Fig 2. A potential scenario for the development of rhabdomyolysis in RER-susceptible horses derived from differentially expressed proteins and genes.

Green indicates increased and red decreased differential expression. Genes are italicized. A stressful environment is proposed to induce hyper-phosphorylation of RYR1 through beta adrenergic (epinephrine mediated) activation of calmodulin kinase II (CAMKII) which is stimulated by the DEP calmodulin (CALM2). This and other potential post-translational modifications of RYR1 (oxidation/nitrosylation) allow excessive Ca²⁺ (purple circles) release of high sarcoplasmic reticulum Ca²⁺ stores in RER-susceptible horses through RYR1 (orange) when RYR1 opening is stimulated during exercise by the voltage gaited Ca²⁺ channel in the t-tubule (turquoise).
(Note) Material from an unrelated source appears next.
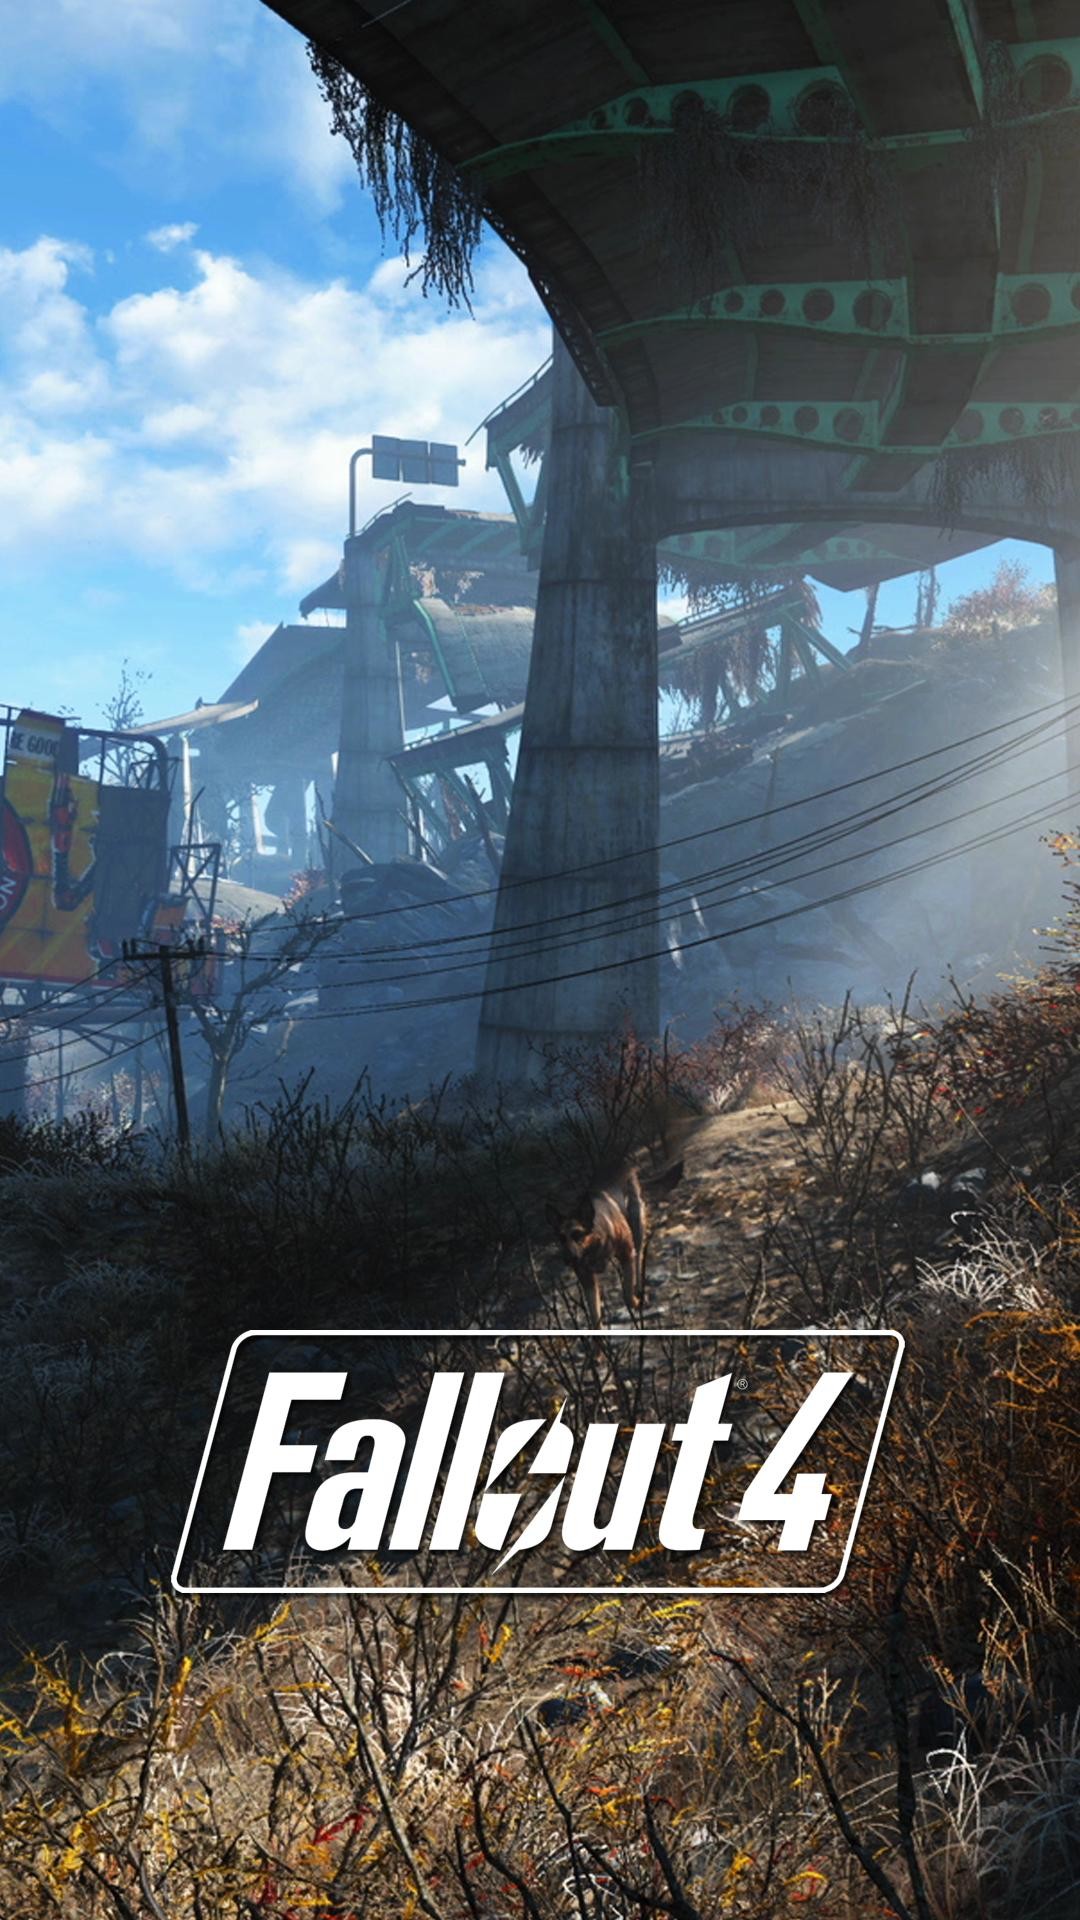 1080x1920 I made some Fallout 4 lock screen wallpapers from E3 stills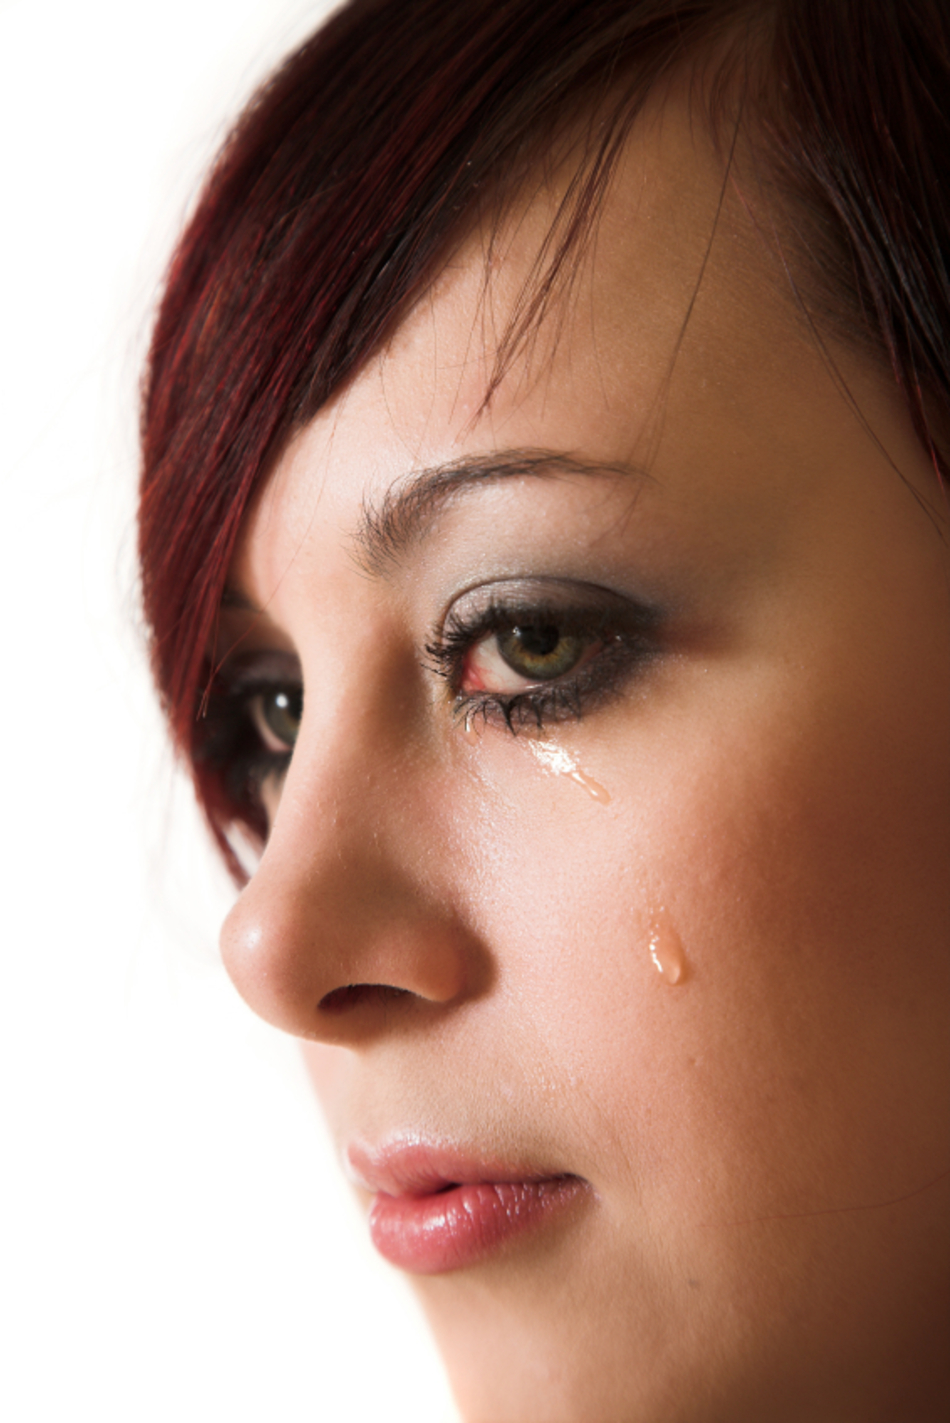 What It Might Mean If You're Crying For No Reason

Myoplasmic Ca²⁺ interacts with troponin I (TNNI) and, when not adequately pumped back into the sarcoplasmic reticulum (ATP2A2) or out of the cell (ATP2B4), Ca²⁺ produces persistent contracture of the sarcomere (pink and purple). Mitochondria buffer myoplasmic Ca²⁺ through VDAC uptake where Ca²⁺ stimulates ATP production. However, in excess, Ca²⁺ uncouples (UCP2) oxygen consumption from electron transport and ATP production and releases reactive oxygen species (ROS). Antioxidants such as peroxiredoxin (PRDX1, PRDX2) counteract ROS to prevent oxidative stress. Excessive mitochondrial matrix Ca²⁺ results in formation of the membrane transition pore (BAX, SLC25A6, ATP5), loss of membrane potential, release of cytochrome C and apoptosis. Calcium activation of proteases such as calpain (CAPN3) results in degradation of myofilaments, cellular proteins and cell membranes resulting in the release of muscle proteins such as creatine kinase (CK) into the blood stream. Calcium activated ANAX2 participates in repair of membranes that have increased dystrophin (DMD) and syntropin (SNTB1) content. Degraded proteins are ubiquitinated (UBC, UBE2B2) and processed in the proteasome (PSMA4).